Xi is set to address the China International Import Expo that begins in Shanghai Nov. 5, putting his personal stamp on an event geared to demonstrate China’s willingness to open its economy. China is under pressure from Donald Trump and elsewhere to wind back its $423 billion goods trade surplus, and Xi has already pledged that China will import $24 trillion dollars of goods from abroad over the next decade and a half.
European business has high expectations of the import fair, which builds on commitments made by Xi - as well as other senior Chinese officials - since early 2017, according to the report released on Friday.
Some 3,000 companies from over 100 countries are due to exhibit at the fair, to connect with buyers from the world’s biggest market by population.
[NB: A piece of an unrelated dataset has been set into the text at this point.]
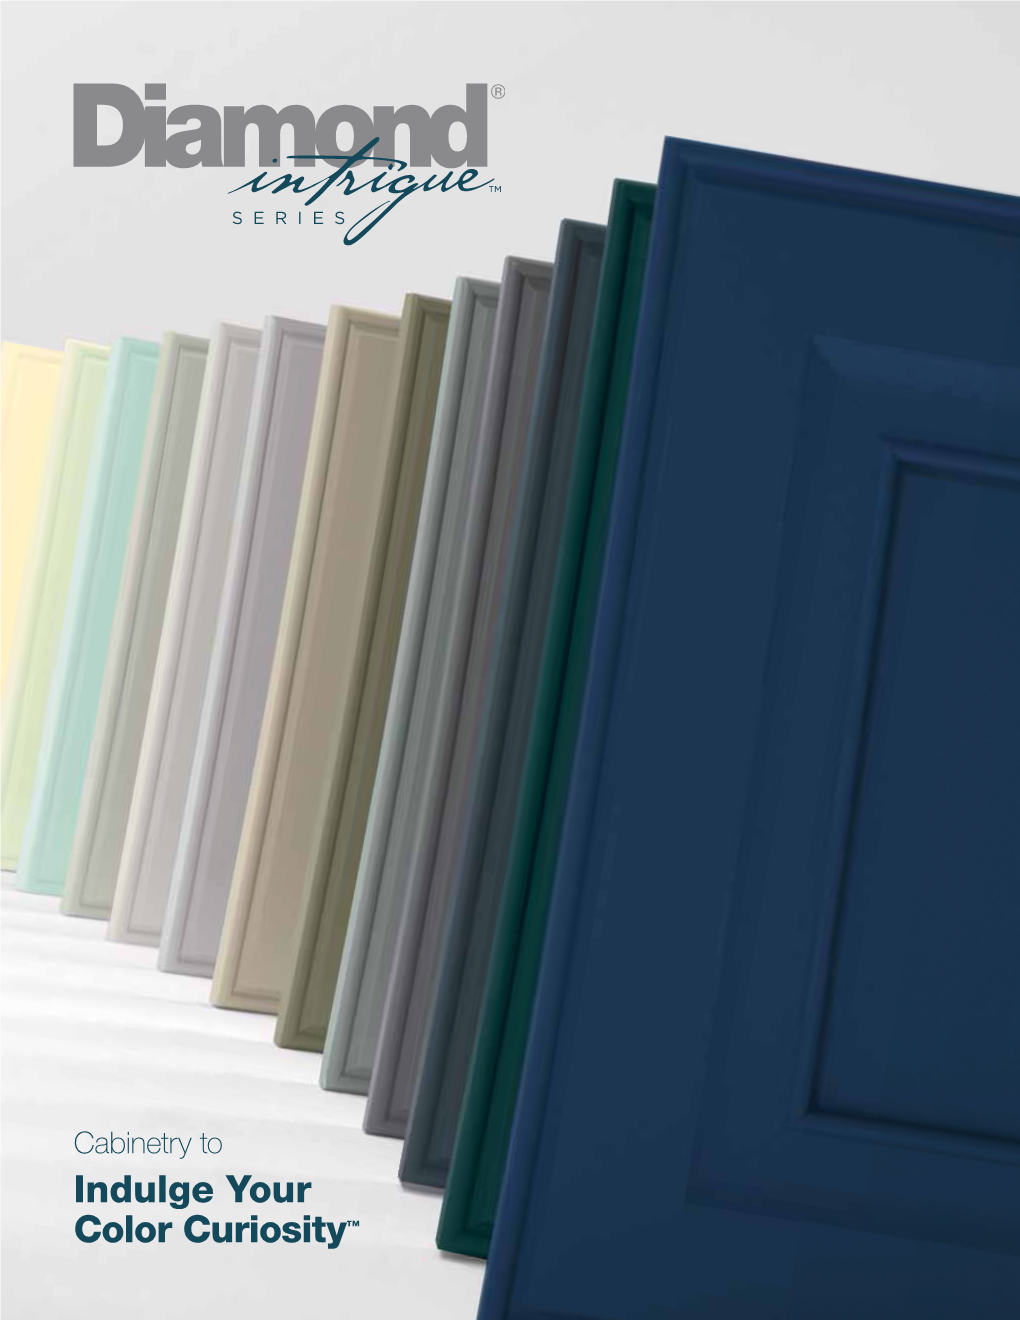 Cabinetry to Indulge Your Color Curiosity™ Introducing the New Diamond® Intrigue™ Series, Found Exclusively at Lowe’S!

That the event is happening at a time when China is facing higher tariffs on all of its goods sent to the U.S. increases its importance, as the global economy is facing an escalating and growth-sapping trade war with little resolution in sight.
European and U.S. companies via their commerce chambers regularly complain that they’re barred from accessing markets in China that are open to Chinese companies in their own countries.
Forty-six percent of European companies said they miss out on business opportunities in China as a result of regulatory barriers or market access restrictions, and the same percentage of companies said they expect regulatory obstacles to increase over the next five years, according to an EU Chamber survey published in June.
The long stagnation in actual steps of opening up has frustrated some European firms, which have instead been rooting for restriction of Chinese investments in their home countries, according to Adam Dunnett, the chamber’s secretary general, who described such a mindset as "a fundamental change." "This is not our policy or our position or what we are advocating, but the fact that we have members talking that way is of real concern to us," he said.
"We don’t want China to be relatively more open; we want China to be open. It’s the world’s second-largest economy," Dunnett said. "Is what we are asking for that unreasonable?"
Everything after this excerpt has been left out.